AIM OF THE TASK: Once the pictures are set aside, repeat all of the data below exactly.

DATA EXTRACT:
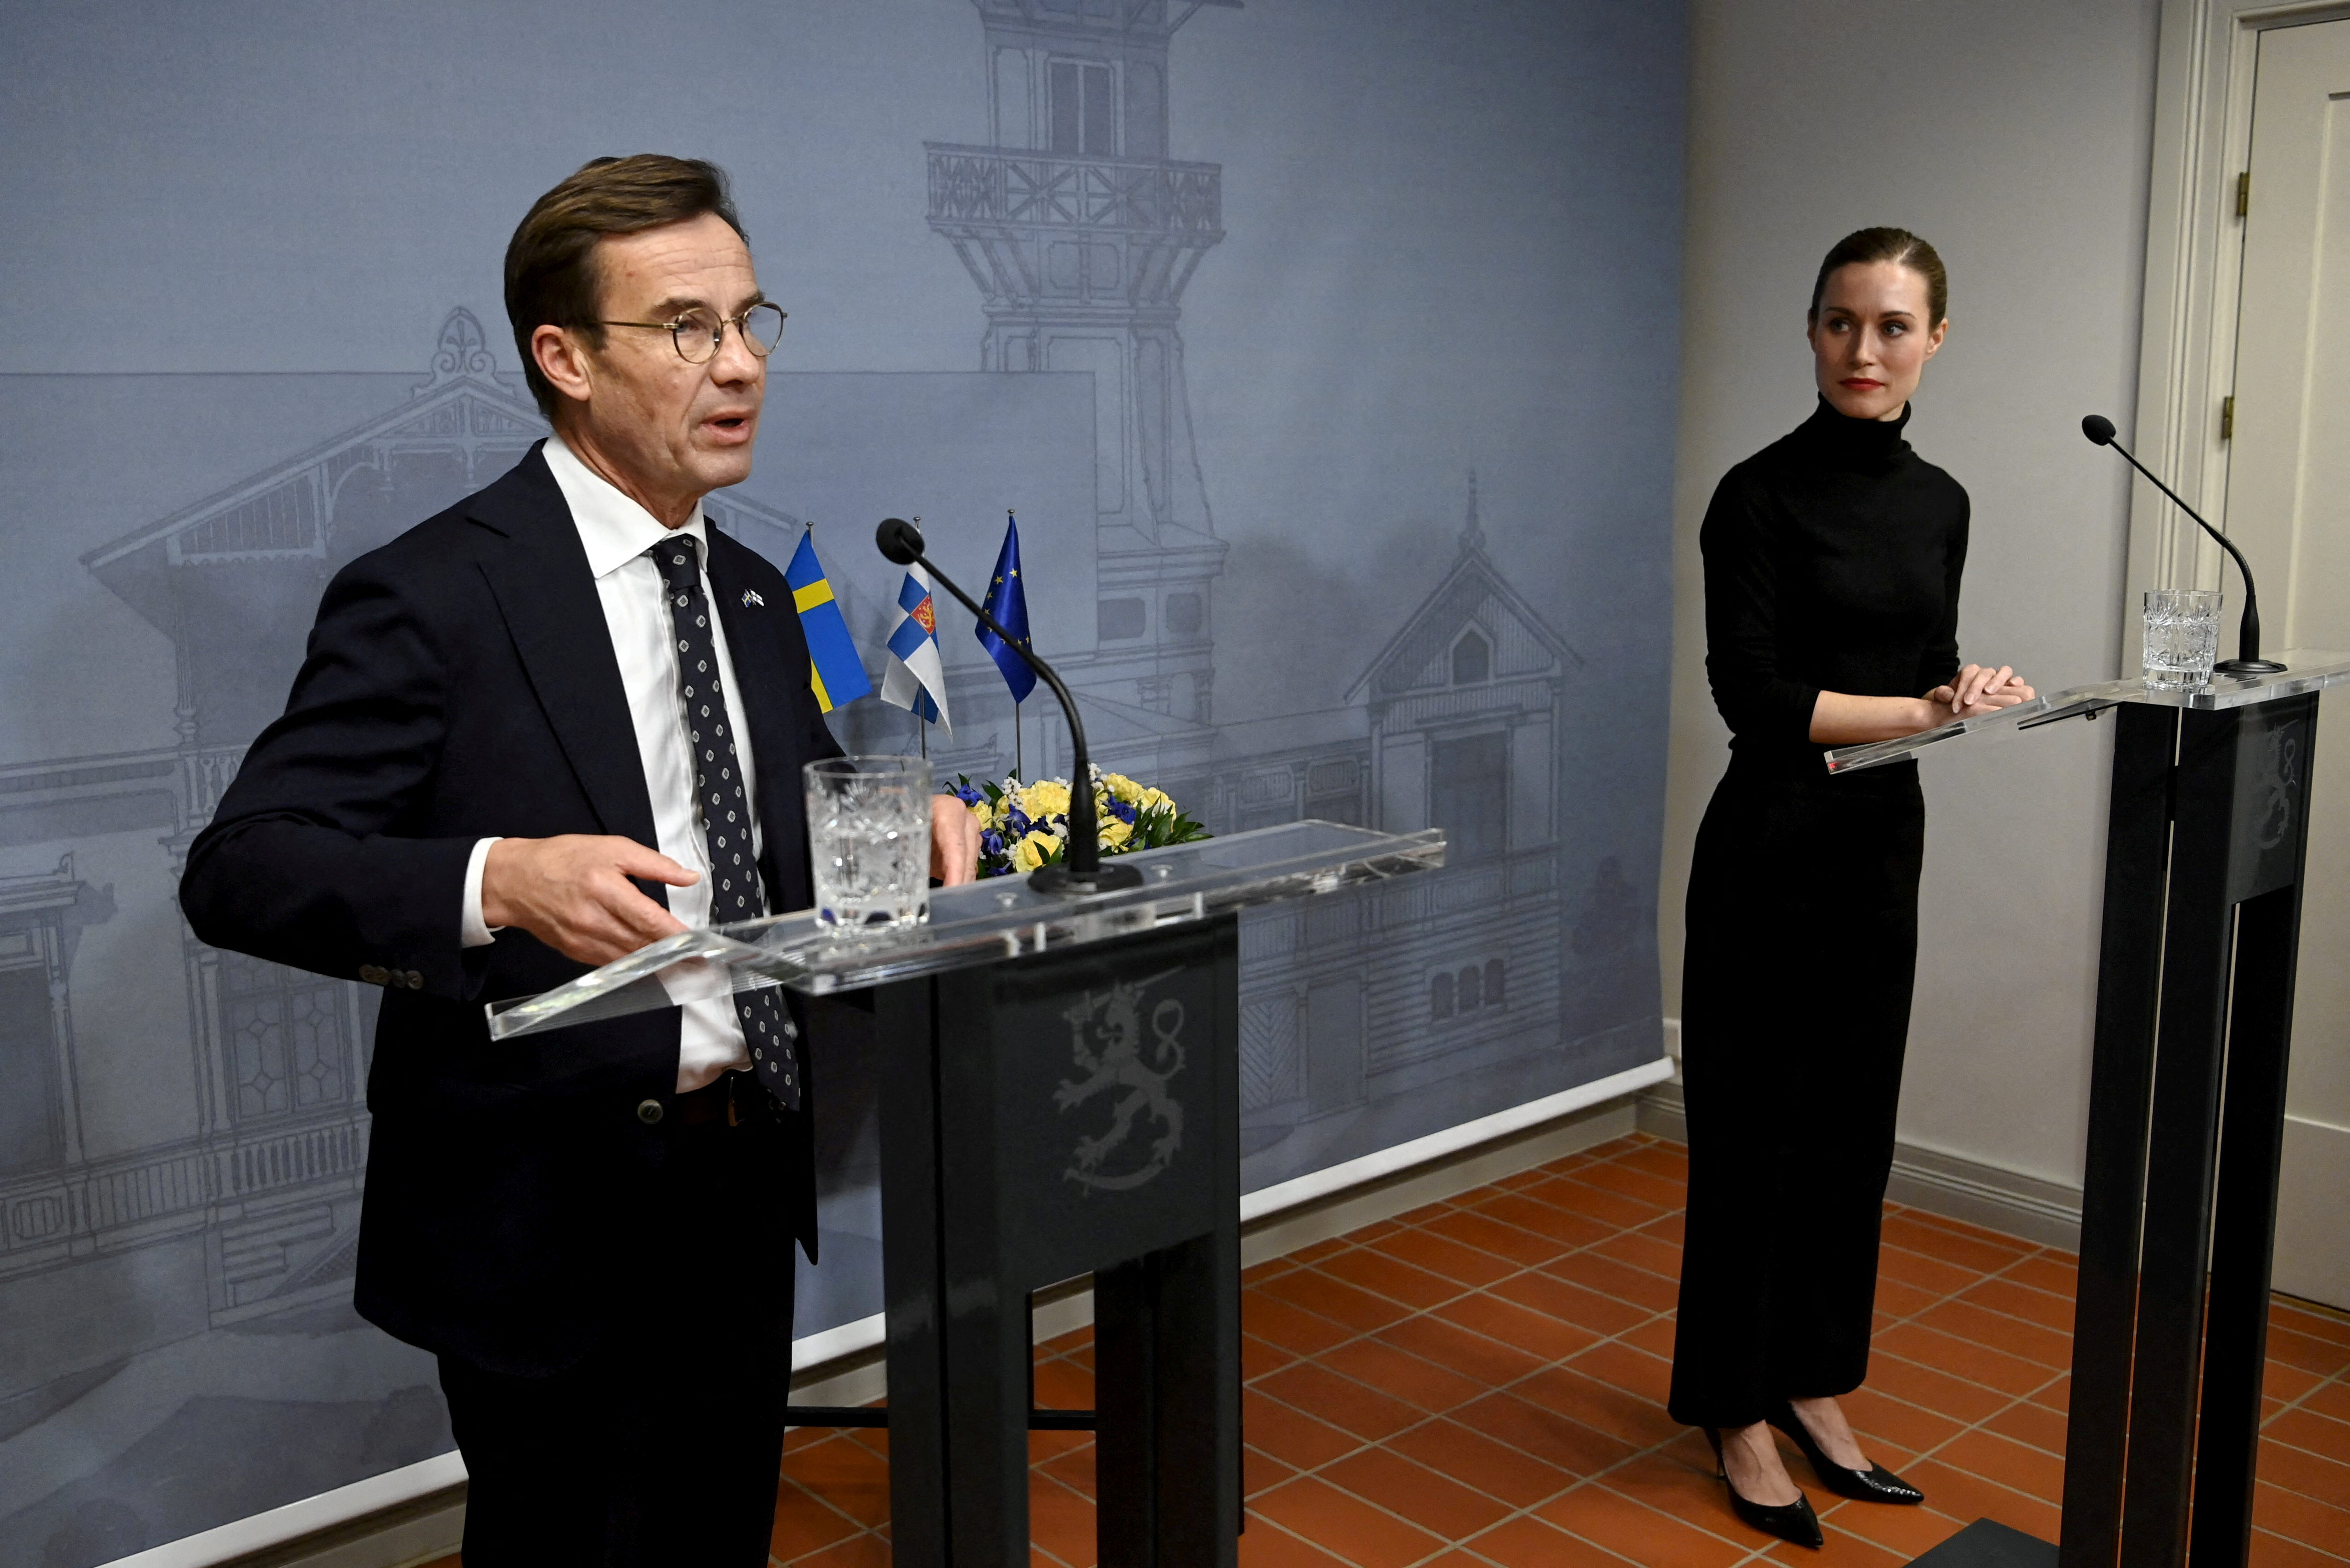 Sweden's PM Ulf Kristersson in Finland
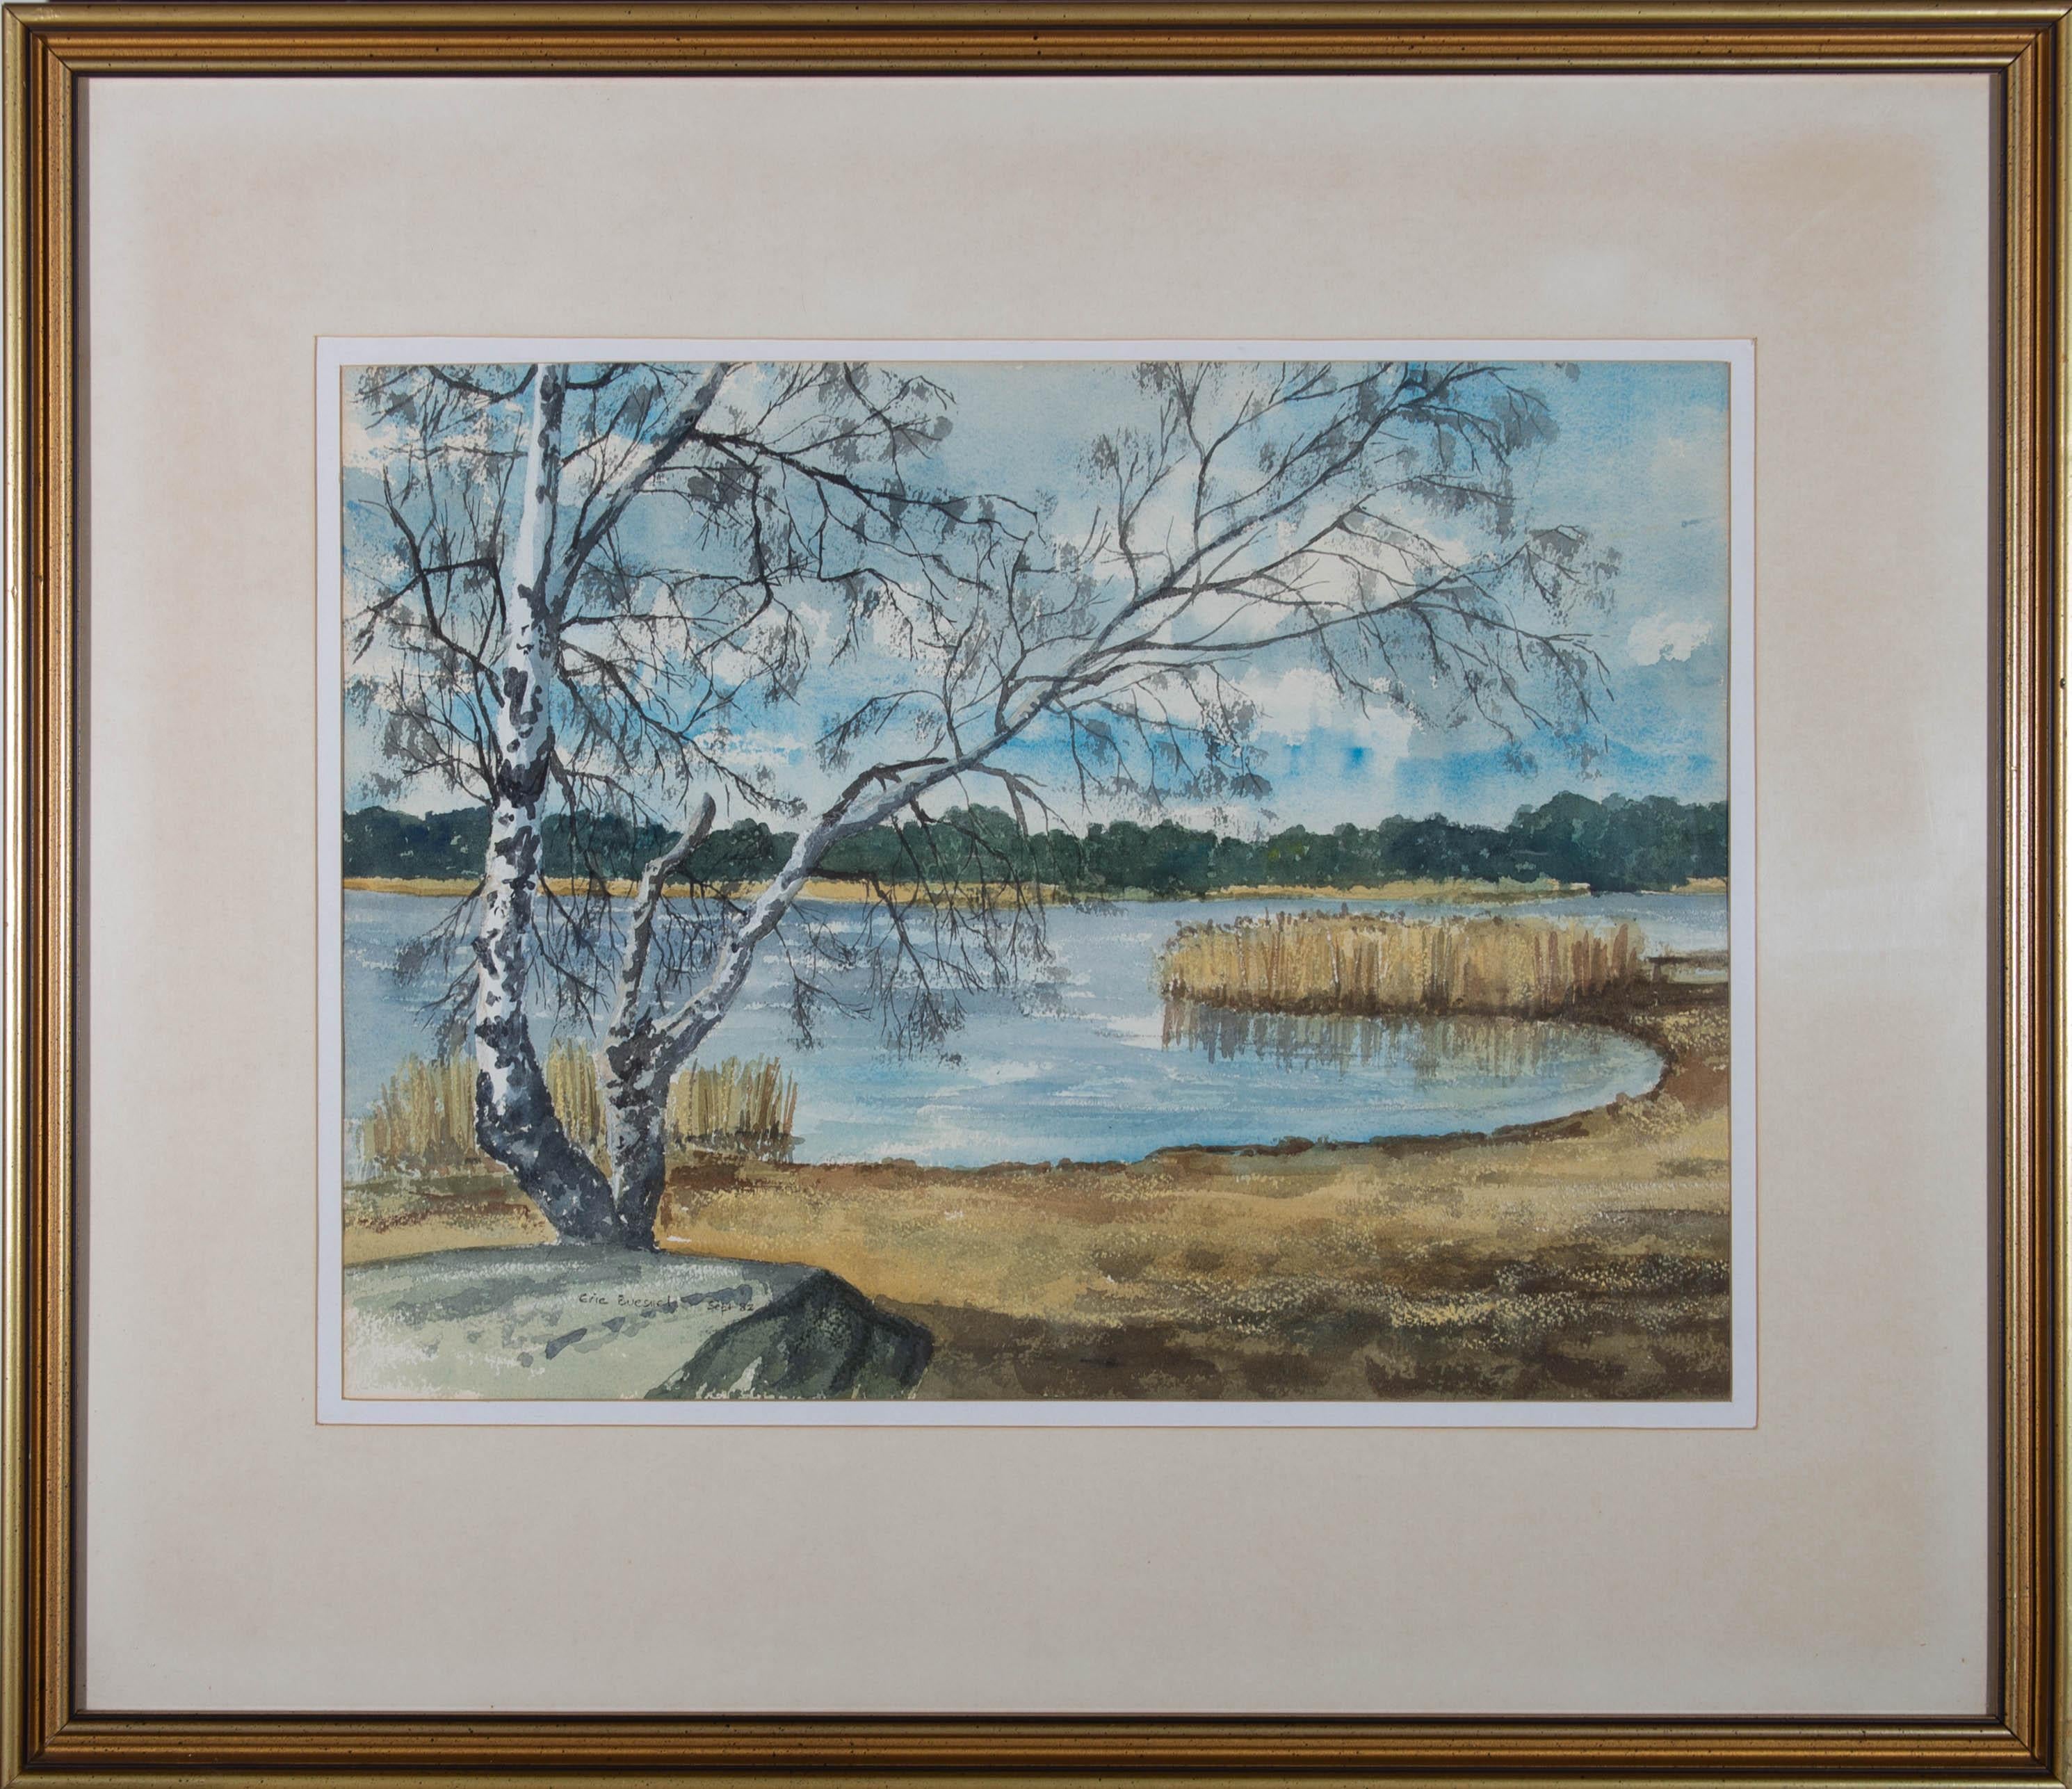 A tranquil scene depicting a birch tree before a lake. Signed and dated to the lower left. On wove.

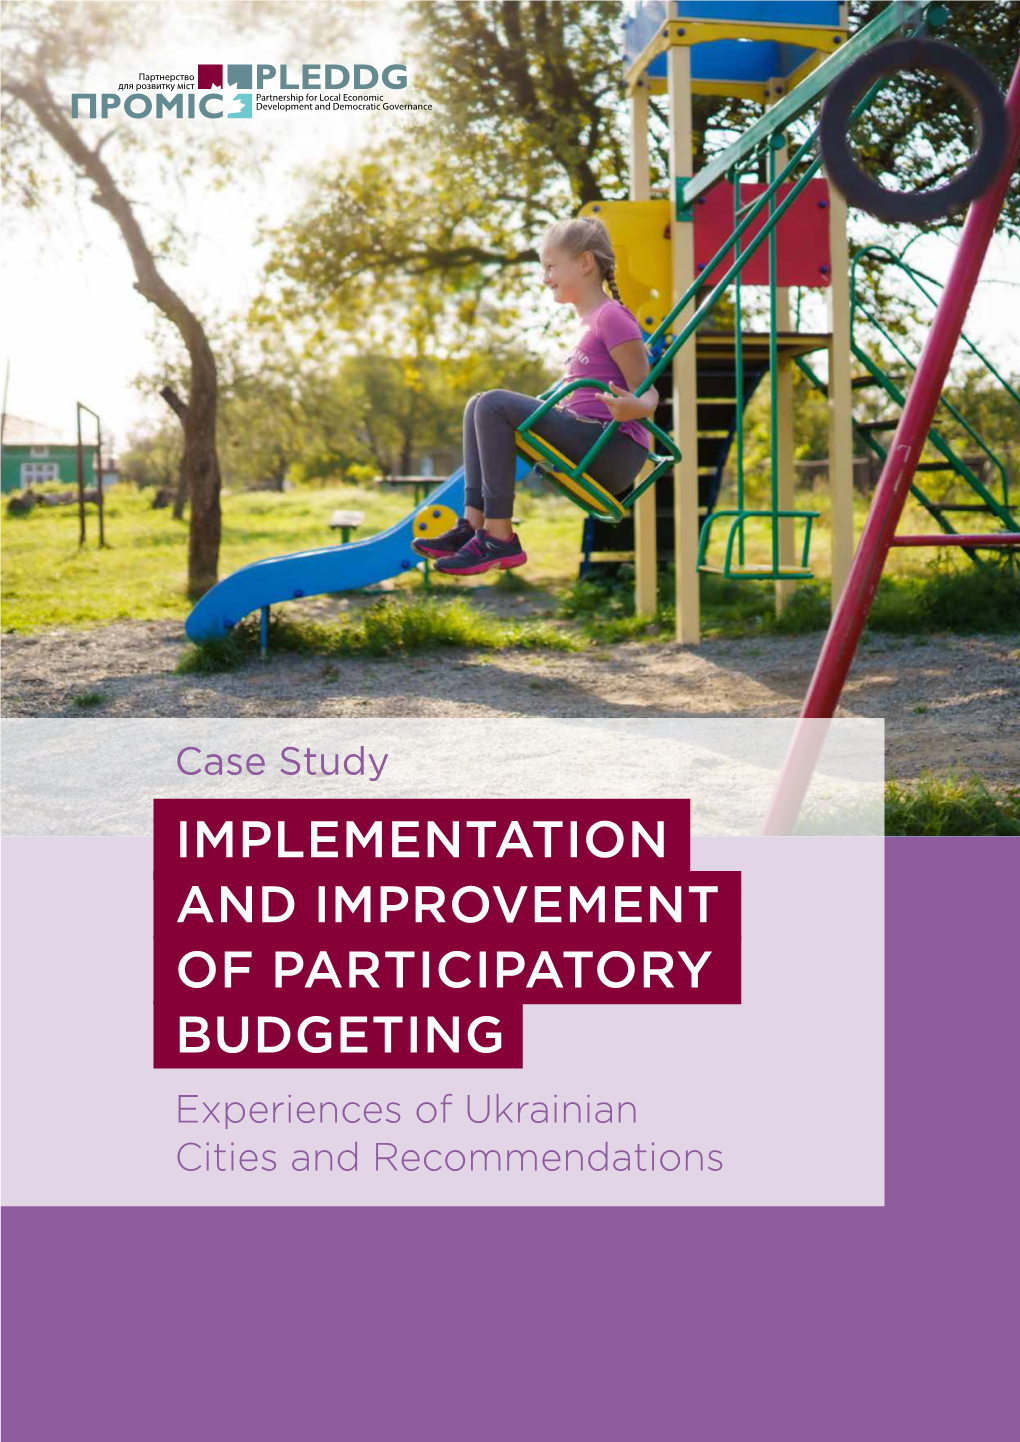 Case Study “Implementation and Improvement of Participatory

YOUR RESPONSE:
 Sweden's PM Ulf Kristersson in Finland
 A tranquil scene depicting a birch tree before a lake. Signed and dated to the lower left. On wove.

 Case Study “Implementation and Improvement of Participatory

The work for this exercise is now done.